[Start of Attachment]
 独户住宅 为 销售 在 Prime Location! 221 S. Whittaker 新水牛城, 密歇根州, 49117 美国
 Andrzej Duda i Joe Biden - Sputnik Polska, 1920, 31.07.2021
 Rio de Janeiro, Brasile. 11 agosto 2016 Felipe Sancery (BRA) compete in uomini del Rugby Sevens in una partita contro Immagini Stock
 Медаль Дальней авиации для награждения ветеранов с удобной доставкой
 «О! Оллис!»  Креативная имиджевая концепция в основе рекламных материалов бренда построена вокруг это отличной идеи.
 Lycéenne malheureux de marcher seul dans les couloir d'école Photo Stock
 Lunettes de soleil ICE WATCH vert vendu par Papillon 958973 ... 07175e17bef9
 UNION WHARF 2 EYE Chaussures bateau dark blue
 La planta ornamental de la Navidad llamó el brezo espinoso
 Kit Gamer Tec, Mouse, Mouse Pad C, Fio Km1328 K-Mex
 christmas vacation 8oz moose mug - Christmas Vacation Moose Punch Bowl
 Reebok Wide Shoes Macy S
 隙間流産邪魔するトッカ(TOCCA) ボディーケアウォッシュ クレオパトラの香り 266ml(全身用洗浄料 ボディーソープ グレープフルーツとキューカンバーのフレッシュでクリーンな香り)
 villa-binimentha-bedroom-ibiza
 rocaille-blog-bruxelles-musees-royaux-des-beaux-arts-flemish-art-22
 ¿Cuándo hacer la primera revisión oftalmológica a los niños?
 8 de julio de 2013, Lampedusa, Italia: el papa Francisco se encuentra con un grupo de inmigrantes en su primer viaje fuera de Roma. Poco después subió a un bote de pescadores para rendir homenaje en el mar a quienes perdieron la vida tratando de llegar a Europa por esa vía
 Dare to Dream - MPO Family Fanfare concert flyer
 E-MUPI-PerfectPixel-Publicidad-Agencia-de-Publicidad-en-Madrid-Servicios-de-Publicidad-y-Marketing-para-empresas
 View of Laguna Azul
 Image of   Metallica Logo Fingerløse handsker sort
[End of Attachment]
Activity:
Copy the stretch of the records above that runs from the line with "Andrzej Duda i" through the line with "Rio de Janeiro, Brasile.". Both end lines belong in the copy, and nothing else does.

Answer space:
 Andrzej Duda i Joe Biden - Sputnik Polska, 1920, 31.07.2021
 Rio de Janeiro, Brasile. 11 agosto 2016 Felipe Sancery (BRA) compete in uomini del Rugby Sevens in una partita contro Immagini Stock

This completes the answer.